A través de la historia hemos desarrollado un sinfín de métodos para intentar descifrar


las verdades del universo, el hombre desde que es hombre ha dedicado su vida y su
corta existencia como especie en el planeta a buscar la verdad y en este buscar crea
cosas fantásticas, asombrosas, producto de su conocimiento y su entendimiento de las
cosas del mundo. Pero en esta misma necesidad comete errores algunos tan enormes que
pasan generaciones enteras, siglos enteros para poder ser derrumbados por las mismas
acciones de otros hombres en otras épocas, por ejemplo el mito que los reyes eran hijos
o descendientes de algún dios y que por esta razón señoreaban sobre el resto de las
personas no fue derrumbado sino milenios después de que surgiera la ciencia.
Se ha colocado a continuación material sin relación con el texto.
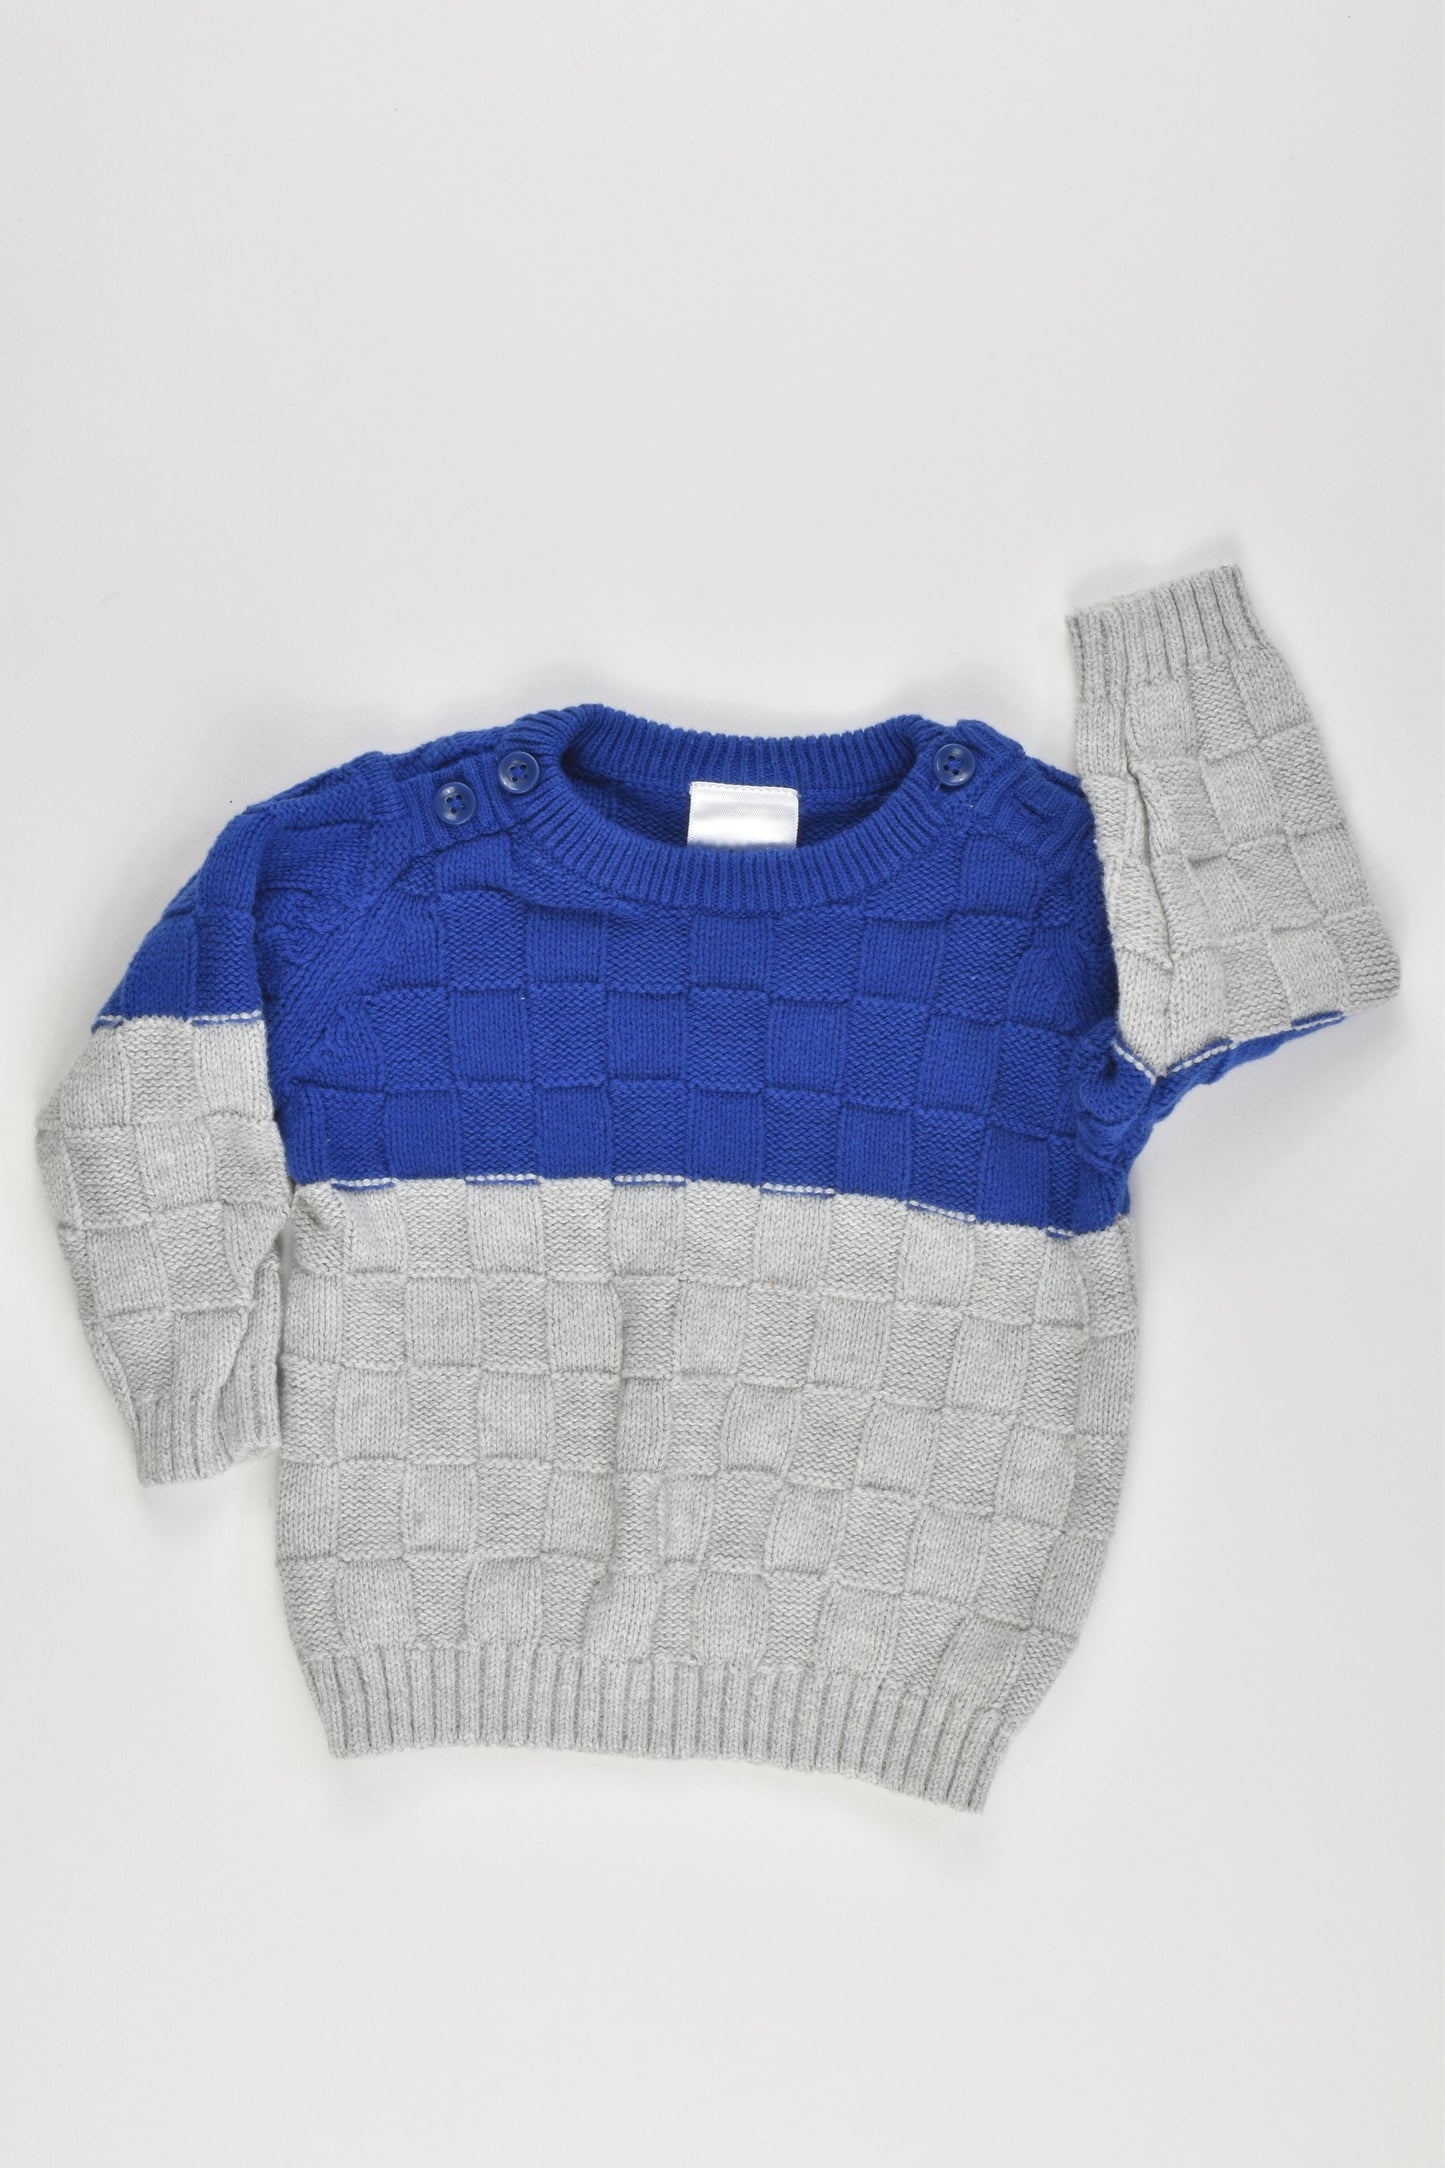 Target Size 000 (0-3 months) Knitted sweater

En éste
caso nos enseñó que no solo los reyes no descendían de algún dios, sino que además lo
más probable es que los dioses mismos no existan. Por eso inicie este escrito con la
frase que pudieron leer al principio, y es que si lo que nosotros vemos en el mundo es el
mundo realmente como es, sería un absurdo mismo que nos estemos preguntado por las
cosas, ¿por qué las manzanas caen hacia abajo? Newton parecería un tonto haciéndose
esa pregunta, ¡pues hombre Newton! las manzanas caen porque así es el mundo,
respondería otro y serían un genio, la historia nos dice que el verdadero genio fue
Newton al preguntarse algo tan sencillo y gracias a esa pregunta tan sencilla el
cosmonauta soviético Yuri Gagarin se convirtió en el primer ser humano en ir al
especio. Por supuesto, hay mucha más ciencia y técnica para lanzar un cohete al espacio
y más aún si es tripulado por los humanos, pero me refiero acá a los principios que
hacen posible saber y determinar con que velocidad se debe lanzar un cohete para poder
romper la fuerza de gravedad y evitar que el cohete caiga como una manzana en la
cabeza de Newton. Pero todo esto lo podemos resumir en una pregunta ¿por qué el
mundo es cómo es? Y en el tema central de este artículo, quiero que, reflexionemos
sobre una cuestión que no escapa a nuestra realidad social del día a día y además seguro
la estamos viviendo ¿por qué hay personas pobres y otras no son pobres? Para
muchos la respuesta es simple: La pobreza del hombre es una condición natural. Los
intelectuales agrupados en todo el espectro de la derecha política (conservador, fascista,
nazi, liberal) unos con mayor o menor matiz asumen que hay elementos sociales que
aportan a la pobreza, pero no dudan en que la pobreza en sí misma es condición natural
del hombre. Según este argumento todos nacemos pobres, ¿por qué? Porque al nacer
carecemos de cualquier acumulación material. La cuestión con éste argumento desde un
primer momento en que observamos la realidad y reflexionamos es, ¿nacen los hijos de
los príncipes de Inglaterra pobres? ¿Tienen los hijos de los grandes magnates
capitalistas del mundo “condición natural de pobreza” al nacer? Salta de inmediata la
contradicción de la idea de pobreza como condición natural y la realidad. Dicha
“condición” es sólo para los pobres, los pobres son podres “naturalmente” esto es lo que
al final y de forma enmascarada con el buen uso de un lenguaje justificativo y todo el
aparato de propaganda difunden y logran plasmar en la opinión pública general.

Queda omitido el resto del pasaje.